- **Task objective**: In the entries below, find the line with "Grappling World de" and print exactly every line from there up to and including the line with "Тентакли, гейши и", with no other lines.

- **Data listing**:
━━━━━━━━━━━━━━━━━━━━━━━━━━━━━━
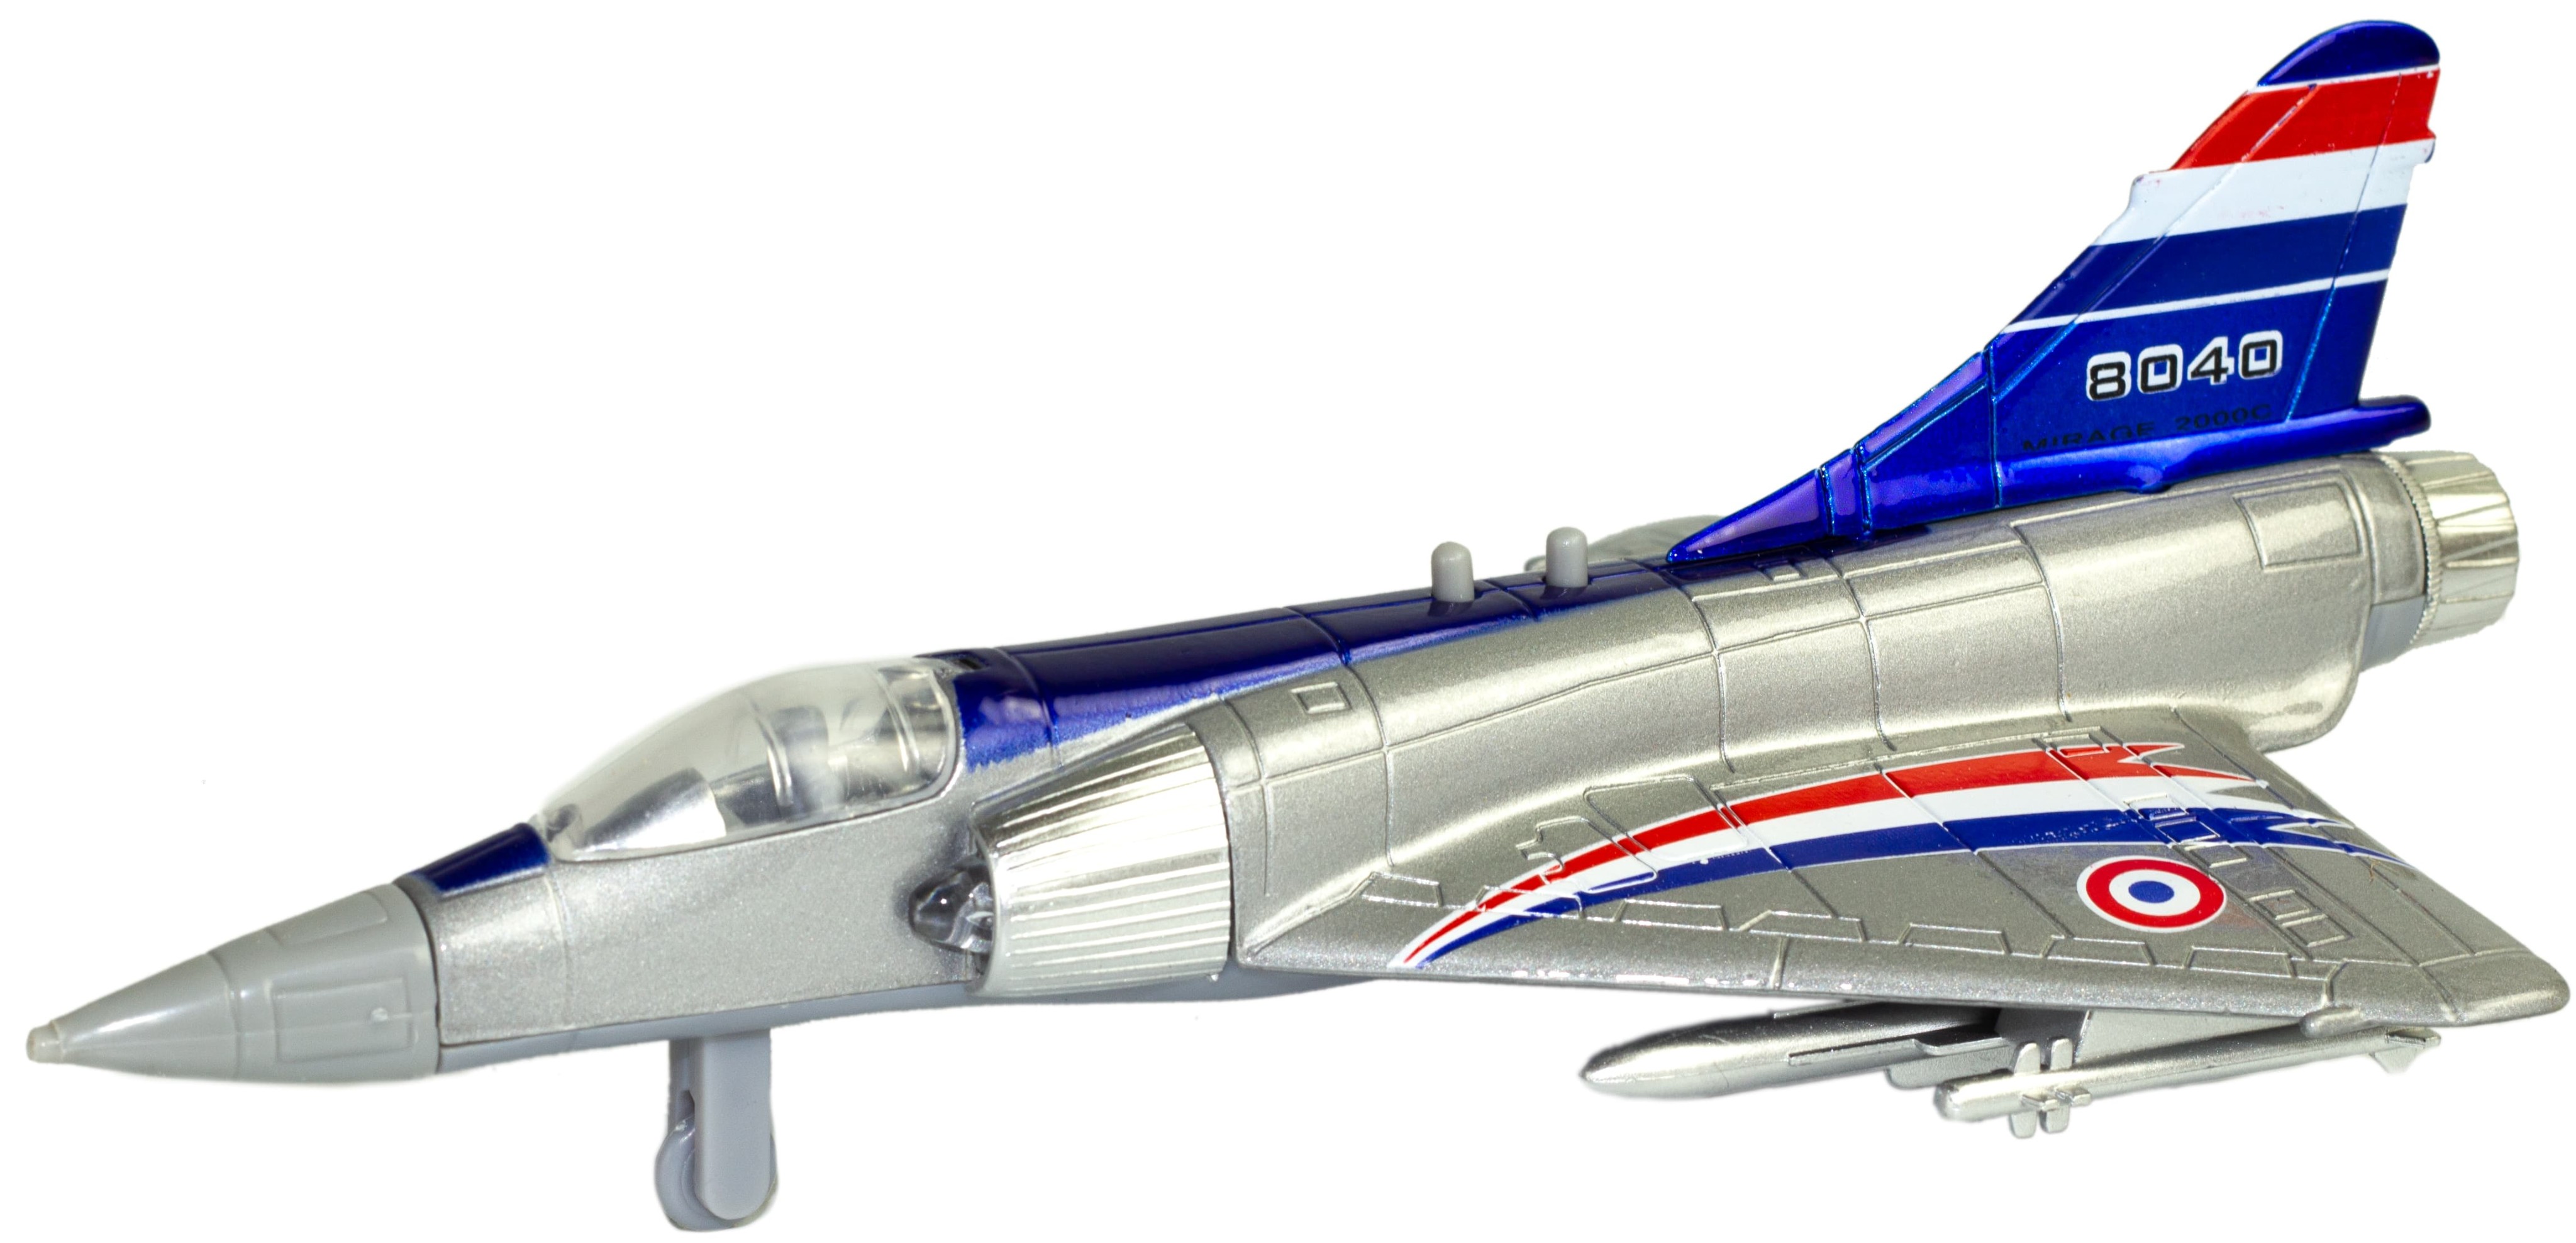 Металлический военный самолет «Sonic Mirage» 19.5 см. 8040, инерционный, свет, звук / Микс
━━━━━━━━━━━━━━━━━━━━━━━━━━━━━━
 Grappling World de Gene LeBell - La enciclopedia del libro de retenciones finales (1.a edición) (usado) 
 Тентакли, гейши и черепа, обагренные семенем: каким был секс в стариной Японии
━━━━━━━━━━━━━━━━━━━━━━━━━━━━━━
- **Result of the task**:
 Grappling World de Gene LeBell - La enciclopedia del libro de retenciones finales (1.a edición) (usado) 
 Тентакли, гейши и черепа, обагренные семенем: каким был секс в стариной Японии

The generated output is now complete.